Sadly, hate conquers all in West Side Story, but the love we see and feel can hold its own. Though over a half-century old, the Bernstein/Laurents/Sondheim/Robbins tour-de-force is, like its Shakespearean source, young as first love. You don’t revive it, you detonate it, as happens repeatedly in Drury Lane’s dynamic production, which thankfully has already been extended (it’s the fastest-selling production in the company’s 30 year history).

(L to R) John Marshall Jr., Lucas Fedele, Cameron Edris, Adrian Aguilar, Carl Draper, Ryan Fitzgerald

Bernstein packed coiled energy into every song, alternating the testosterone territoriality of these gangs of New York with “Tonight” and “Somewhere,” ballads that are radiant with other-worldly beauty. The musical walks the edge between stinking streets that threaten instant death and the unearthly idealism of Tony and Maria, who enjoy two days of eternity before hate triumphs over love. The extremes here are too different not to destroy each other.

(L to R) Glenn M. Snellgrose II, Isaiah Alatorre, Tommy Rivera-Vega, Lucas Segovia, Todd Rhoades, Anthony Avino, Chip Payos

Strangely enough, West Side Story feels more dated than Romeo and Juliet, its 500-year-old inspiration. Quaint juvenile delinquents compared to today’s drive-by gangster-wannabes, the Jets and Sharks request each other’s permission to use switchblades at their rumble: Their worst epithet is “buggin” or “Krup you!” Compared to Shakespeare’s dedicated tragedy, the musical is also less violent, claiming only three lives to the Bard’s five (although, in the second act, one character barely escapes being raped).

(L to R) Adrian Aguilar and Rhett Guter (standing), Deanna Ott and Cameron Edris (at door), John Marshall Jr. (sitting), Roger Mueller (standing)

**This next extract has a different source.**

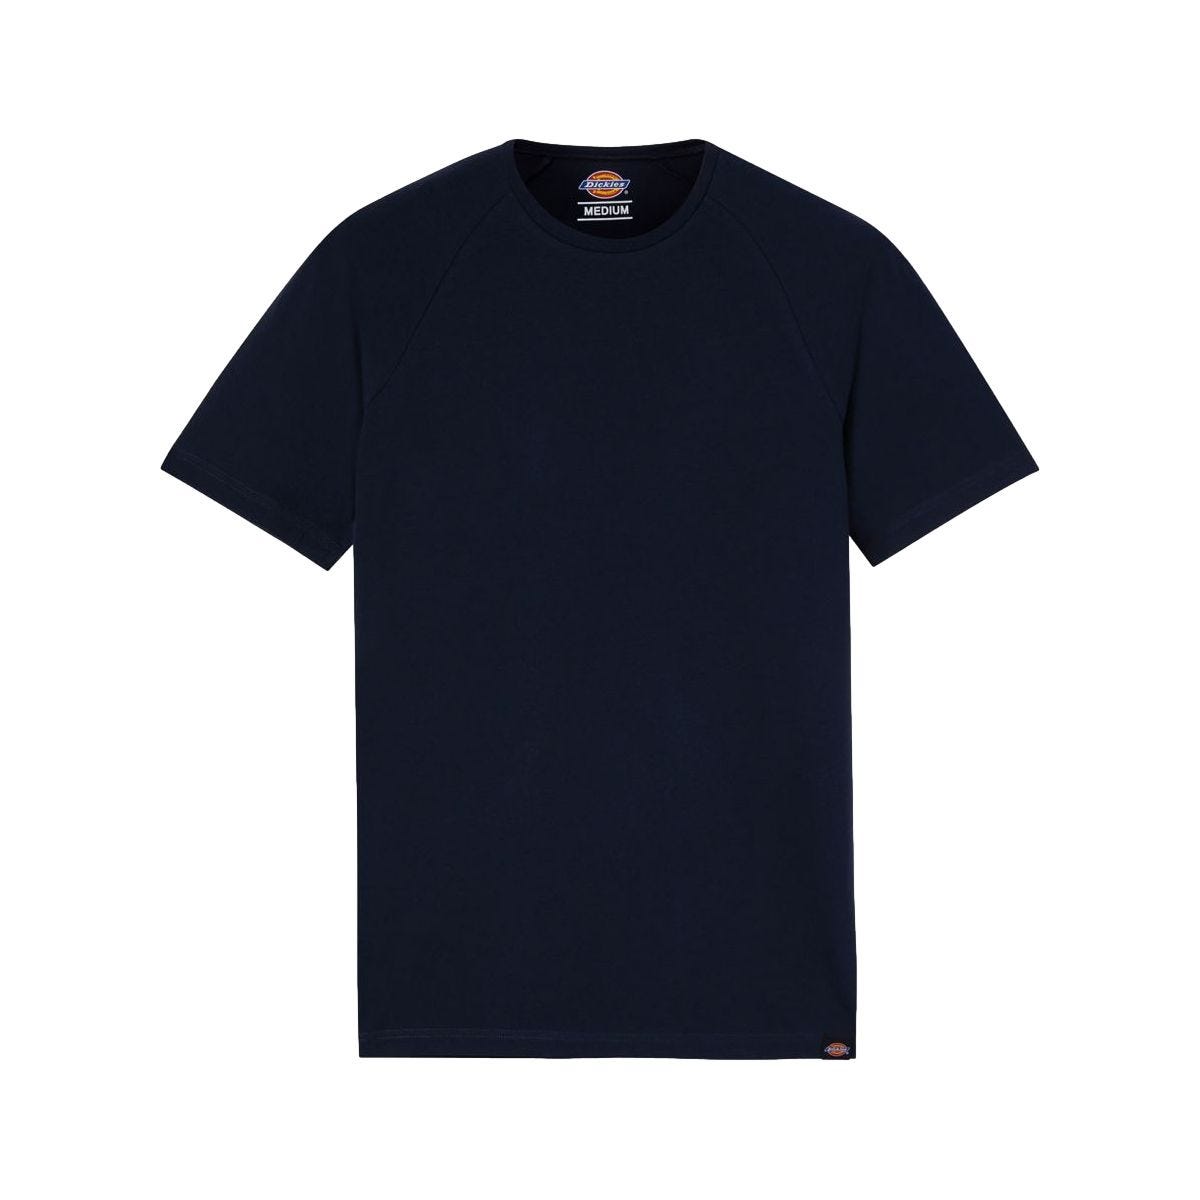 Tee-shirt Temp-IQ Bleu marine - Dickies - Taille 2XL 0

More trenchantly, both works proclaim the power of love to consume and to cure. Powerfully enacted, they unleash a ton of energy, especially given the necessity for young casts. A riveting revival by the always excellent Rachel Rockwell, this sizzling staging plays the heartbreak as if Romeo and Juliet never happened. Everything in this production makes a great musical a new one. Happily, unlike the most recent national tour, Rockwell eliminates librettist Laurents’ decision to use copious Spanish in the scenes and songs by the Sharks and their supporters. (That bi-lingual touch may have reinforced the differences between the clashing communities on stage, but inevitably between Blancos and Latinos in the audience as well; confusing and distracting, it was more trouble than it was worth.)

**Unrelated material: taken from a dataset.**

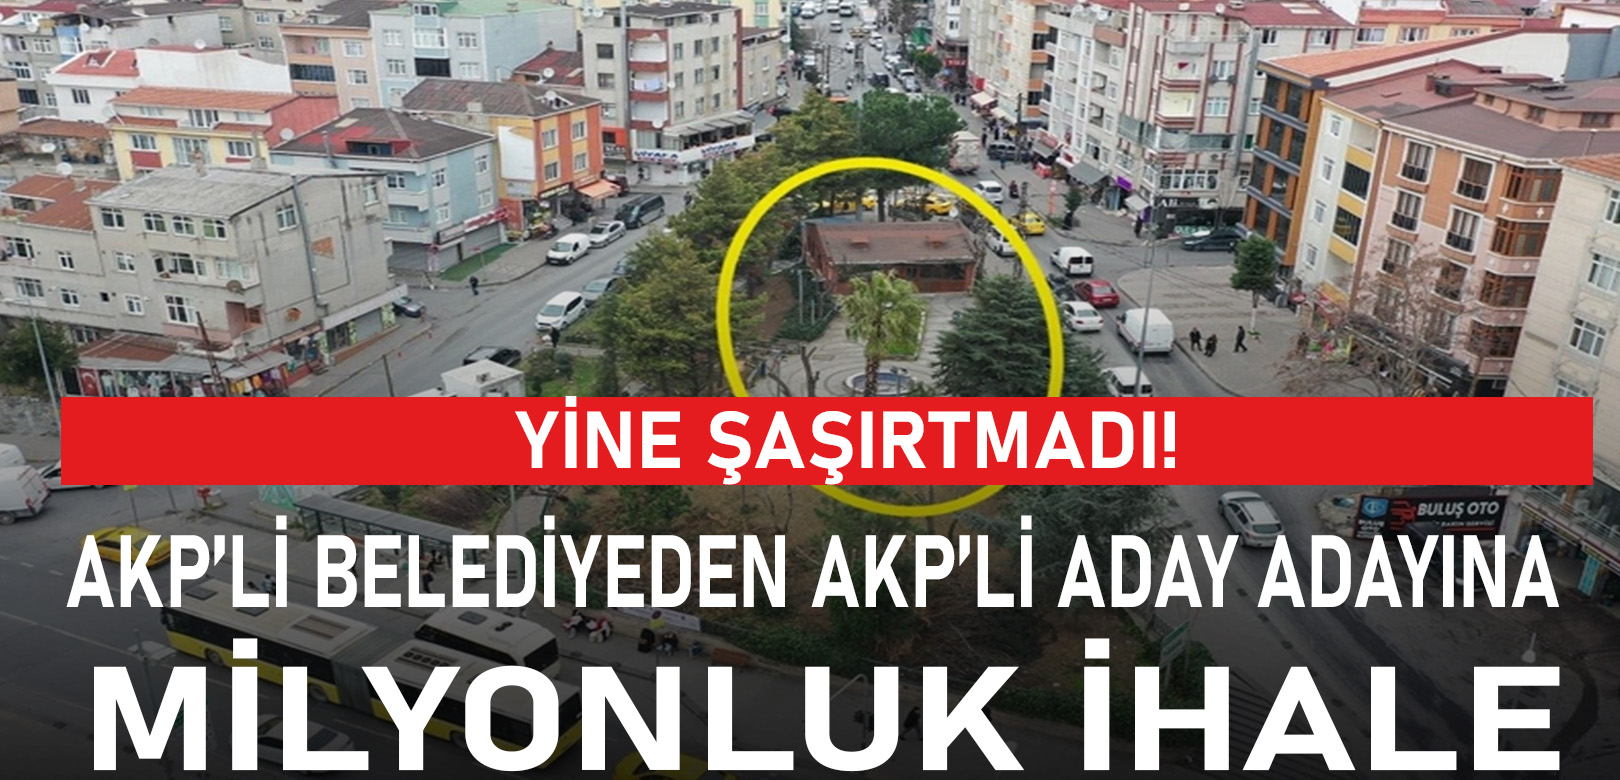 AKP’li belediyeden AKP’li aday adayına milyonluk ihale

(Back turned) Rhett Guter, (Middle) Lucas Segovia, (Left side) Jim DeSelm with cast

Designer Scott Davis focuses the action under a huge overpass, with descending ironwork, where the rumbles will erupt (conveyed in a vintage photo projection). Equally essential are the all-important fire-escape balcony and the sprawling school gym where the hormonal lovers meet, as well as vacant lots where the gangs clamber over chain-link fences to rampage at will.

Rhett Guter and the cast

Faithful to the sexy strutting of Jerome Robbins’ original dances but emphasizing the athleticism over the romanticism of these violent mash-ups, associate director Rhett Guter’s choreography reprises the hot jazz in “Cool,” sets fire to the menacing “Mambo” in the gym, and turns the haunting “Somewhere” dream ballet into a redemptive promenade for peace.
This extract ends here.